Eye-gawping

Thursday 13 August 2009

by: mishi

Posted on: 08-13-2009 @ 10:39 am

 

 

Turners Falls, turned, as always, poisonous
So I’ve ordered John Robison’s “Look Me in the Eye.”  Since my thirties I’ve trained myself to look into people’s eyes more often and for longer periods than I did before, but I have to say that twenty years into this self-re-training, I still don’t like it most of the time. Most of the time I do not want to see what’s in people’s duplicitous eyes.

Visiting my memories of my own life again today in this town. Sad memories of the day my animals and I were torn apart for good 17 months ago.

I haven’t yet found anyone else with Asperger’s, or anyone else at all, who feels about animals the way I do and dislikes people as much as I do. Maybe I’ll never find anyone like that.

When I took my parallel life in my head away from myself at the age of 42, I began to dislike and fear people even more, and the need to create my own private world outside my head became even greater.
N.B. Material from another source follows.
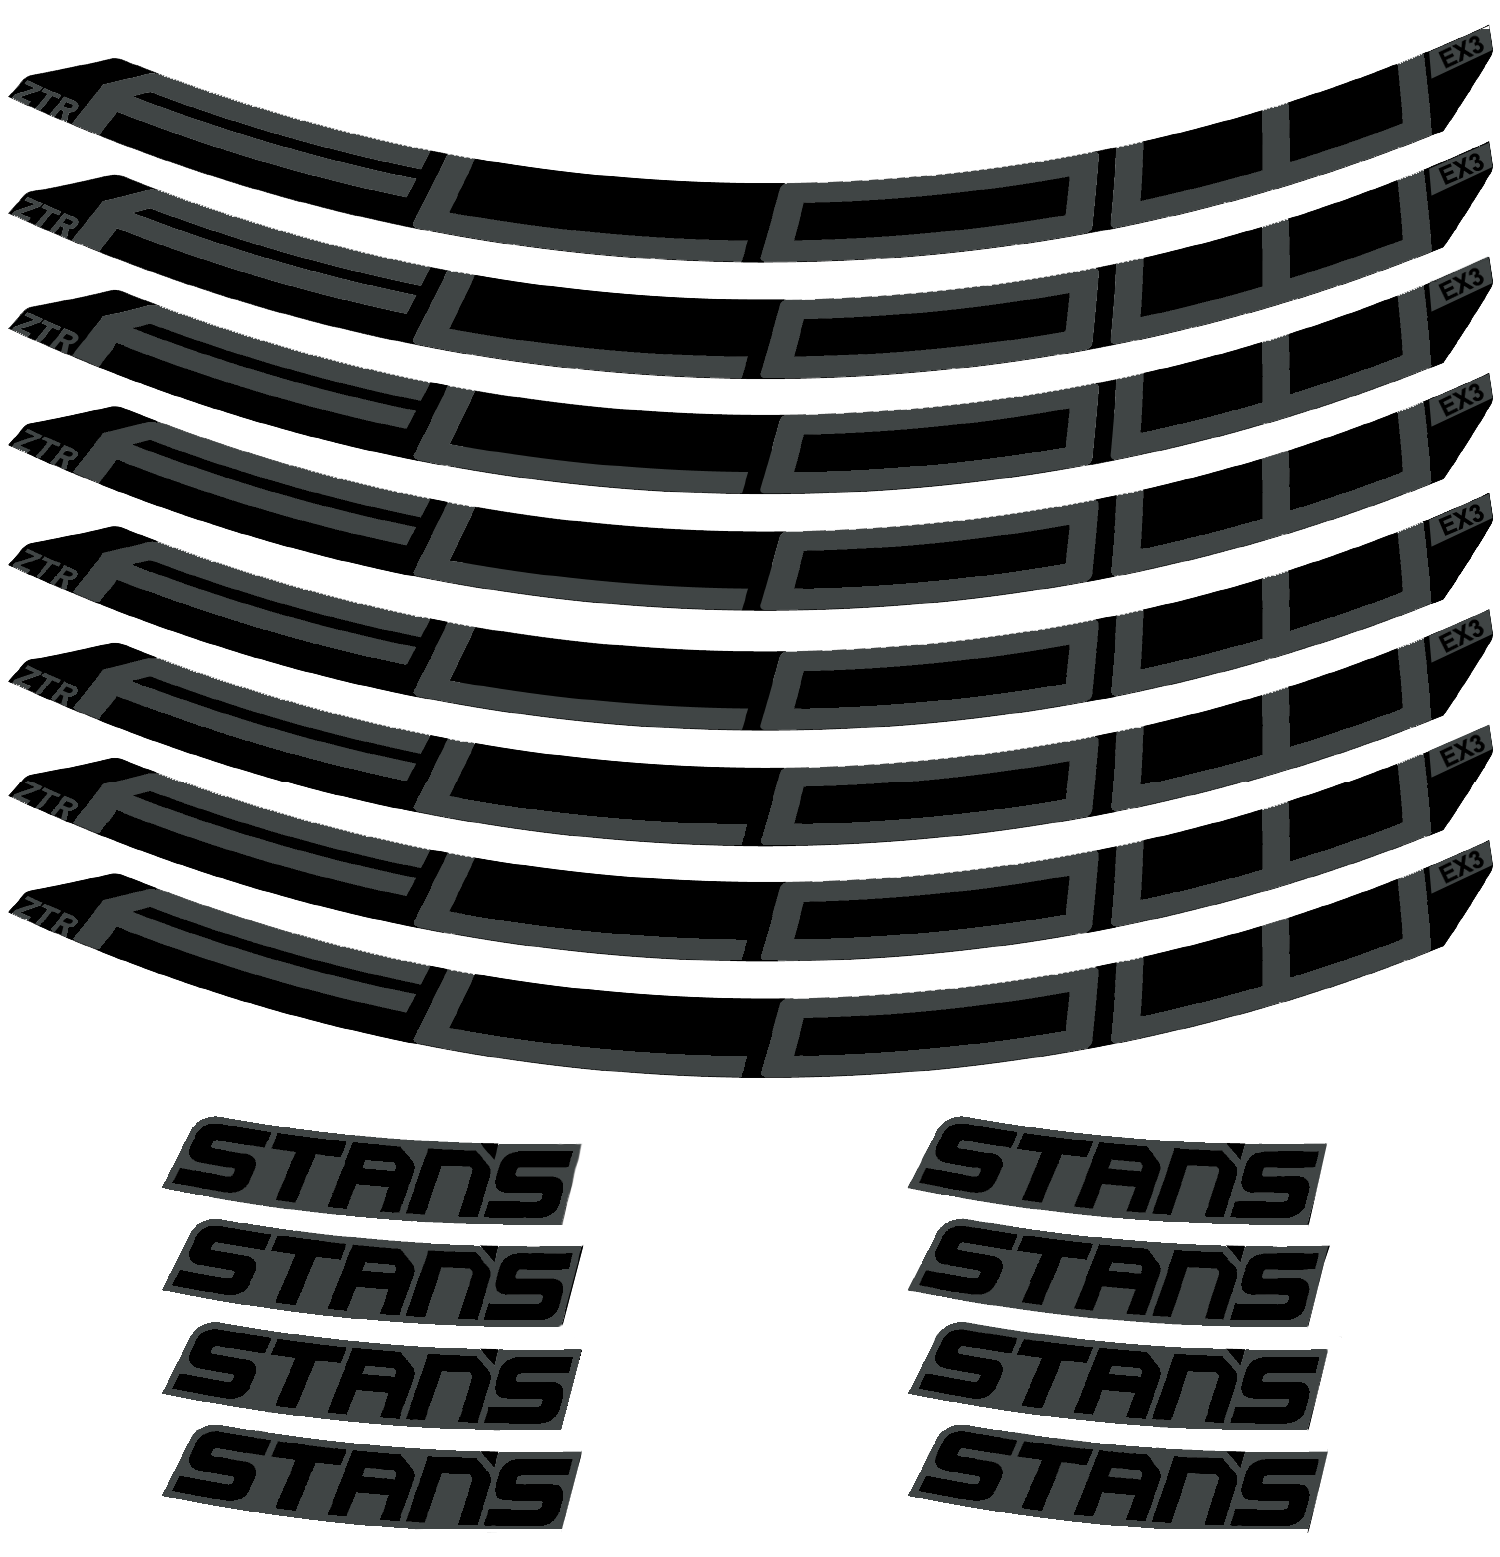 Sticker Set – Floyd GmbH

Over time the desire, the need to withdraw from the human world as much as possible became even greater. And after all that has happened to me at the hands of humans in the last 17 months, I haven’t changed my mind. Most of what was my world has been taken away, but with the small ways I have left to create my own world, I want to do it. But it needs an apartment to be done in, and I still don’t have one.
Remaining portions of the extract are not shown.